Шрифт:
Интервал:
Закладка:
— Не могу, — ответил после минутного размышления Ладнов.
— Разумеется. Так что же нам делать?
— Вы у меня спрашиваете?
— Конечно, у вас. Здесь никого больше нет.
— Я не знаю, что вам дальше делать. Может, просто уйдёте?
— Я могу уйти, но вы навсегда останетесь один. Как в одиночной камере. Правда, советские заключенные, набитые в камеры, как сельди в бочке, мечтают об одиночках, но они ошибаются. Узники Петропавловской крепости сходили с ума именно от безлюдья.
— Я не в камере.
— Вы в камере, молодой человек, не обманывайте себя. Решётки на окнах — лишь условность. Достаточно обнести всю страну колючей проволокой вдоль границ, и вся она станет одним большим концлагерем. Вы можете поверить мне на слово и сделать первый шаг к свободе, или навсегда остаться заключённым. Выбор за вами.
Ладнов тогда не испытывал особой неприязни к КГБ, зато антисоветские изречения посетителя его возмущали. Ему нравилось быть гражданином великой страны, одной из двух сверхдержав, и рассуждения гостя о большом колхозе вызывали у него резкое отторжение. Тем не менее, он взял у незнакомца адрес и попрощался с ним, ещё не уверенный, примет ли приглашение.
Несколько недель он думал — на лекциях, в перерывах между парами, в библиотеке, дома. Пытался понять смысл происходящего. Оно пугало — одиночество действительно обступало его со всех сторон. Родители настырно зудели, требуя прекратить дурошлёпство, спокойно доучиться и пойти на работу, как все нормальные люди. Оставь свои глупые мысли при себе, не считай себя самым умным, каждый здравомыслящий человек понимает, что можно говорить, и что нельзя. Ты и сам понимаешь, не прикидывайся глупее, чем ты есть на самом деле.
Подобные разговоры выматывали юного Ладнова, он уходил гулять в одиночестве, отправлялся в кино или в театр, до вечера сидел на мокрых скамейках в аллеях и парках, и продолжал обдумывать предложение неизвестного.
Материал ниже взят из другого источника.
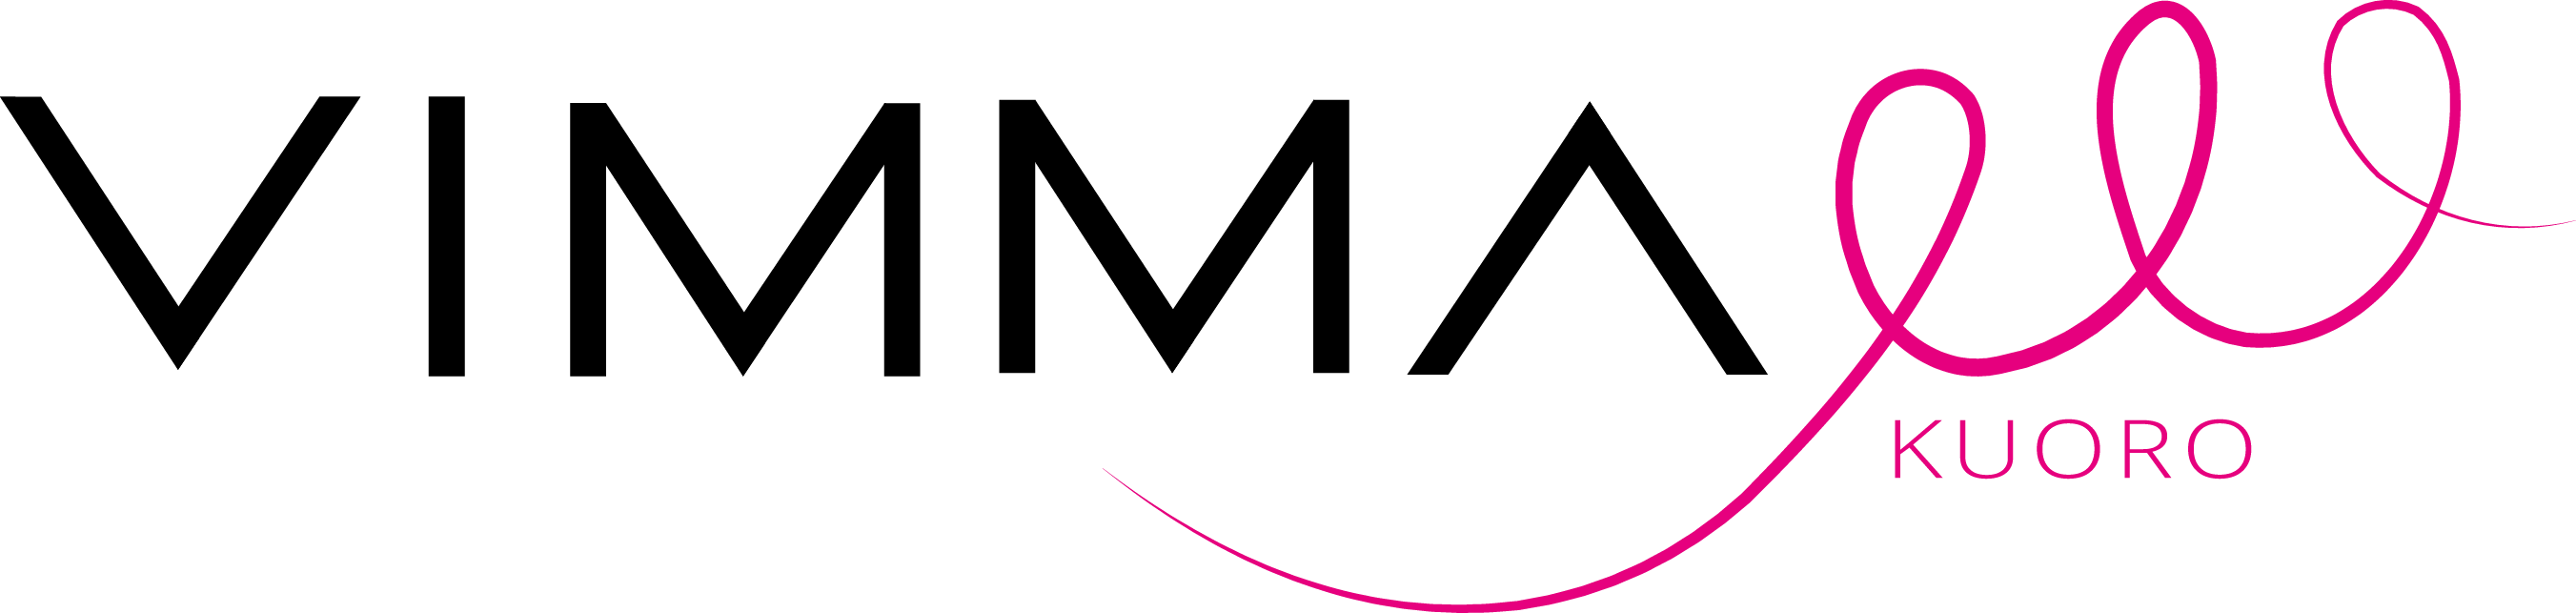 VIMMA-kuoro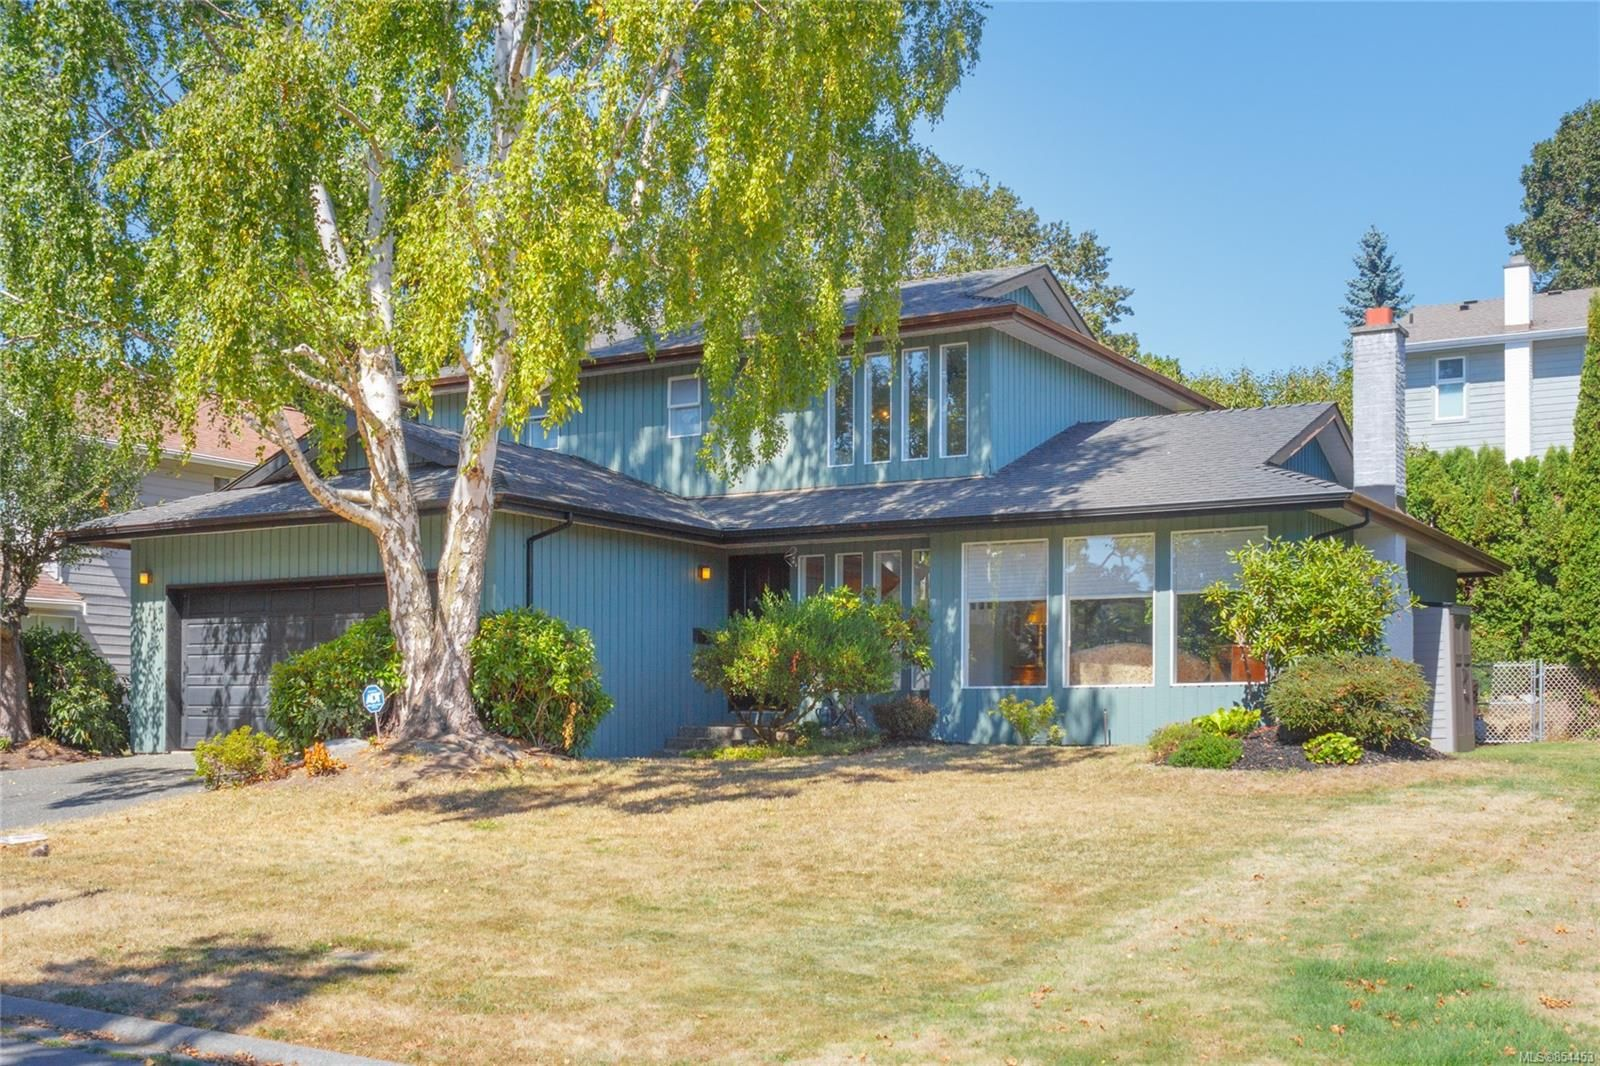 Main Photo: 1532 Palahi Pl in : SE Mt Doug House for sale (Saanich East)  : MLS®# 854453

Иногда вынимал из кармана замызганную измятую бумажку и внимательно разглядывал её со всех сторон, словно в надежде вычитать помимо банального московского адреса некую высшую истину. Где правда? Официальным советским газетам он и сам не верил, но означала ли их ложь правоту тайных противников Советской власти? Человек в штатском из отделения милиции говорил и об этом: отдельные подрывные элементы пытаются использовать наши временные трудности и недоработки для подрыва социалистической системы изнутри, они предпочитают не замечать наши беспрецедентные социальные завоевания и уныло подсчитывают количество машин в частной собственности, хотя качество жизни следует измерять в иных параметрах — например, бесплатным медицинским обслуживанием и образованием.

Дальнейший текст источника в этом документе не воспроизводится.